Opinia wyrażona w Słowniku, choć zasadniczo poprawna, wymaga jednak pewnego istotnego uzupełnienia, a mianowicie: Nigdzie w Biblii (a nie tylko w Nowym Testamencie!) nie czytamy o śmierci kogokolwiek w kontekście nieśmiertelności! Także w odniesieniu do żadnej istoty nie został orzeczony atrybut nieśmiertelności. Jest to wyłącznie atrybut Najwyższego, który może obdarzyć życiem wszystkie stworzone przez Siebie istoty. A gdy to czyni, to w każdym przypadku jest to nieśmiertelność uwarunkowana posłuszeństwem wobec Niego (czytaj: 1 Tym 6,16; Jan 5,26; por. 1 Mjż 2,17; 3,22), jako że „zapłatą za grzech jest śmierć” (por. Rz 6,23a). Prawdą natomiast jest, że Biblia (por.
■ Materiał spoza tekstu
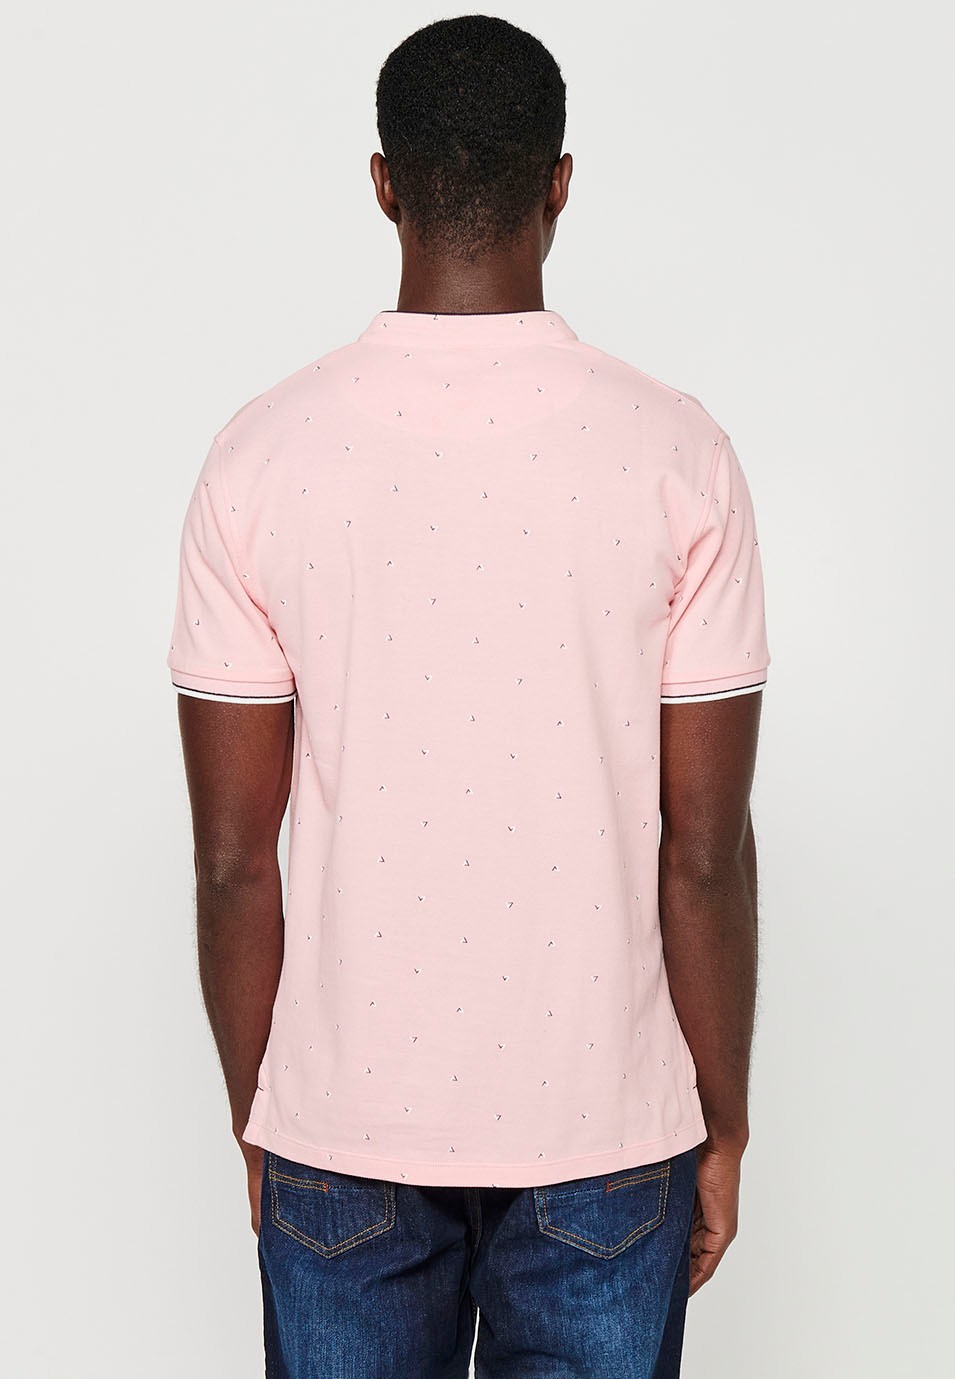 Short-sleeved Cotton Polo with Round Neck with buttoned opening and Finished with Side Cuts in Pink for Men 5

Joba 14,12-15; 19,24-27), głównie zaś Nowy Testament, mówią o śmierci doczesnej – zarówno sprawiedliwych, jak i niesprawiedliwych – wyłącznie w kontekście zmartwychwstania (por. Jan 11,23.24; 1 Kor 15,1-54; 1 Tes 4,13-17):

  • A nie chcemy, bracia, abyście byli w niepewności co do tych, którzy zasnęli, abyście się nie smucili, jak drudzy, którzy nie maja nadziei.

Albowiem jak wierzymy, że Jezus umarł i zmartwychwstał, tak też wierzymy, że Bóg przez Jezusa przywiedzie z nim tych, którzy zasnęli.

A oto wam powiadamy na podstawie Słowa Pana, że my, którzy pozostaniemy przy życiu aż do przyjścia Pana, nie wyprzedzimy tych, którzy zasnęli.

Gdyż sam Pan na dany rozkaz, na głos archanioła i trąby Bożej zstąpi z nieba; wtedy najpierw powstaną ci, którzy umarli w Chrystusie.

Potem my, którzy pozostaniemy przy życiu, razem z nimi porwani będziemy w obłokach w powietrze na spotkanie Pana; i tak zawsze będziemy z Panem.

Przeto pocieszajcie się nawzajem tymi słowy.” (1 Tes 4,13-18).

  • Nie dziwcie się temu, gdyż nadchodzi godzina, kiedy wszyscy w grobach usłyszą głos jego; i wyjdą ci, co dobrze czynili, by powstać do życia; a inni, którzy źle czynili, by powstać na sąd” (Jan 5,28.29).

 

Nauka Pisma jest w tej sprawie prosta: nawet po najdłuższym życiu każdy człowiek umiera, pogrążając się w całkowitej nieświadomości. A choć mijają setki i tysiące lat, nic się w jego stanie nie zmienia.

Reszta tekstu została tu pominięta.